The agency said that the reductions under its proposal would be “comparable” to the Obama rule but “achieved in a legal and reasonable manner.” While the Clean Power Plan aimed to cut carbon emissions 32 percent below 2005 levels by 2030, the Trump plan sets no national benchmark.

By comparison, the Trump plan will cut carbon dioxide emissions from 2005 levels by 0.7 to 1.5 percent by 2030.

The United States is the second-largest emitter of greenhouse gases after China. The Clean Power Plan was intended to be the cornerstone of America’s pledge under the Paris Agreement on climate change, under which nearly 200 nations vowed voluntary measures to rein in emissions.

Gina McCarthy, who led the E.P.A. under Mr. Obama, said that the Trump proposal “makes a false promise that we can actually return to coal as our major and compelling source for energy production, which is simply not the case,” she said. “This kind of signal setting does absolutely nothing to maintain the United States leadership.”

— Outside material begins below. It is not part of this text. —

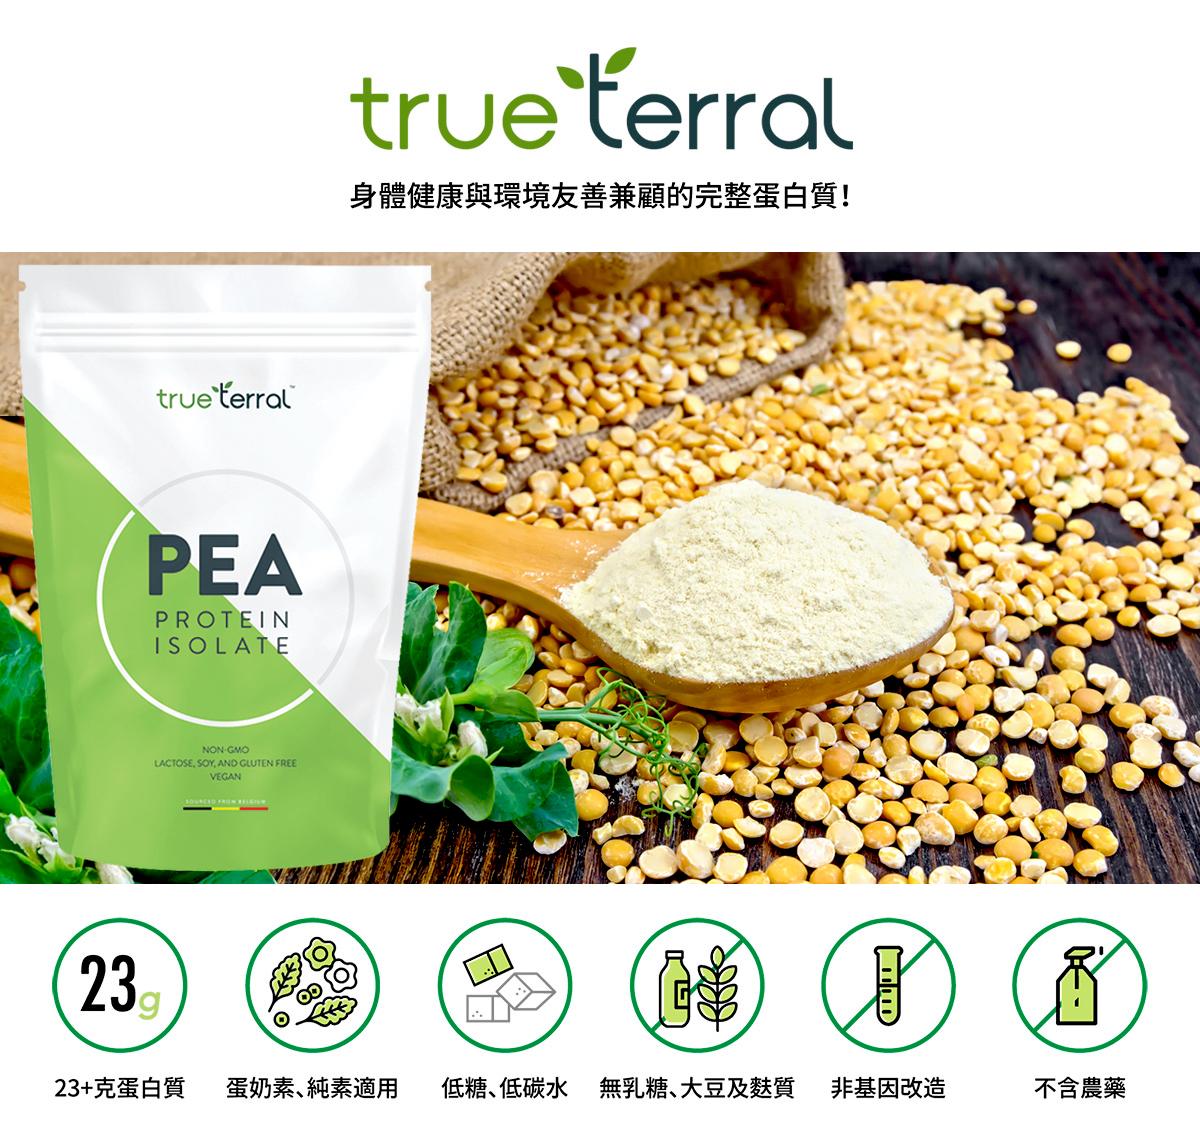 True terral 1

The Clean Power Plan was finalized in 2015 but 29 states and the coal industry sued to stop the plan, arguing the federal government had exceeded its authority to regulate emissions. The United States Supreme Court stayed the rule and it never went into effect.

Since taking office, Mr. Trump has rolled back a number of his predecessor’s key climate change regulations, most recently freezing fuel efficiency requirements for the nation’s cars and trucks. In recent weeks he has harkened back to his days on the campaign trail, contrasting his embrace of coal miners with the position of his opponent, Hillary Clinton, who said in a 2016 campaign appearance in West Virginia, “We’re going to put a lot of coal miners and coal companies out of business.” Mrs. Clinton later apologized for her comment.

“You remember Hillary with the coal, right, sitting with the miners at the table? Remember? That wasn’t so good for her,” Mr. Trump said at a campaign fund-raiser last week.